Furthermore, while it is instructive to build up from the bottom, it is (to me) more intuitive to always break a problem down from the top. The actual section on implementing the type checker is merely the final six pages of a 43 page exposition. For me at least, the first few times I read this chapter, I had lost the plot before I reached section 9.7.
But given the facts that it is an explanation of the algorithm, and it provides working code, it seems an excellent place to start from, once the complexities are unravelled. Furthermore, in part simply because of the detail, it is probably not possible to make sense of the explanation that I will now present except in the context of his work, which is available for download from SLPJ's site. That being the case, the one intent I have to be meticulous in detail is to reference his work by section number everywhere I take a step.
There are a few extra wrinkles that are introduced into this approach because of my personal tinkering. I'm not sure what effects they will have yet, and since I am attempting to explain this to myself as much as to anybody else at the moment, we'll have to see what effects they end up having.
The main one is that - based on my own PhD thesis - I have deliberately designed the Flasck type system to not be strictly algebraic types, but to accept the notion that there is a single set of values which has a "Constructor" and a set of (tagged) values. Numbers, booleans, characters and strings are somewhat "forced" into this system at the "code" level, although they are implemented natively in JavaScript. But, for example, Nil and Cons are considered separate entities, but the type List is "later" introduced to unify the set of values which is in either of them. The mathematical concept of non-evaluation (⊥) is (has to be) included in every type, but the notion of error values (which is often associated with ⊥ is hopefully excluded, although it will frequently end up being present in the function definitions.

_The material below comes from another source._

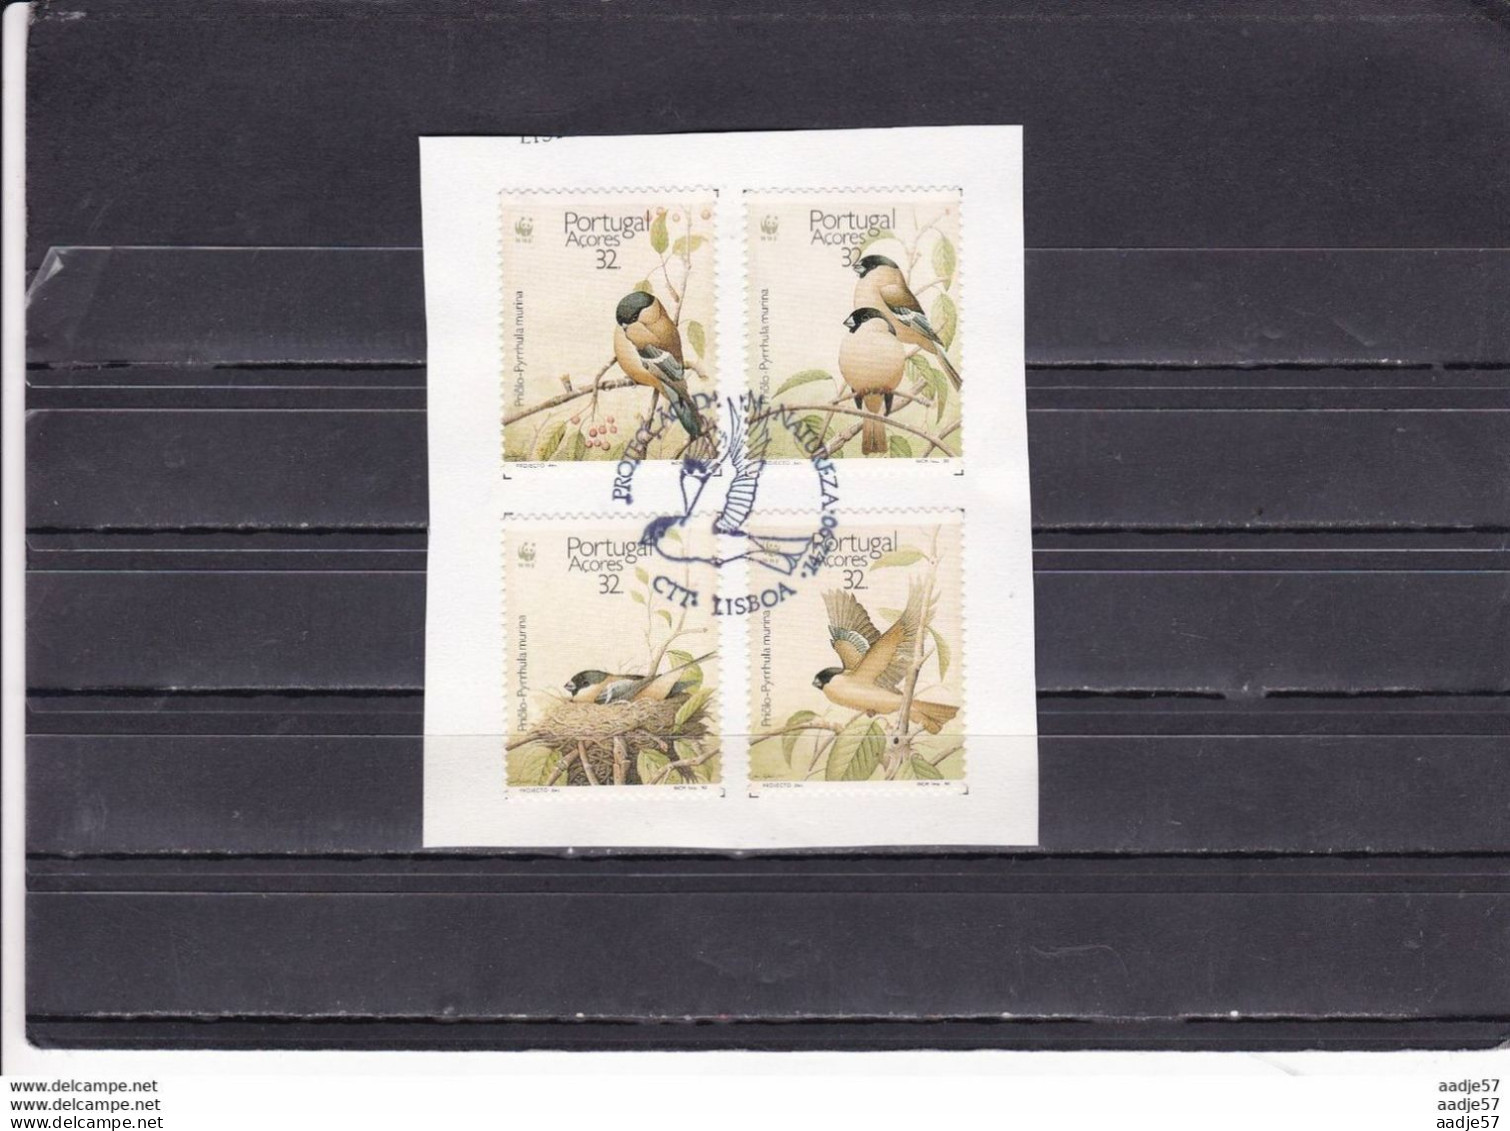 PORTUGAL ACORES 1990 Mi 405-408 , USED FDC Stamp - Mussen

The introduction of cards, state, methods and actors cannot, I feel, go unnoticed by the type system, although by dint of translating almost all of this away - or else externalizing it - I cannot actually see where the impact will be.
The object-oriented convention of field access - and tagged names - that I have used for "simplicity", while it should not have any effect on the overall validity of the program (it could always be translated away) may have impacts on some of the information we need to store and check.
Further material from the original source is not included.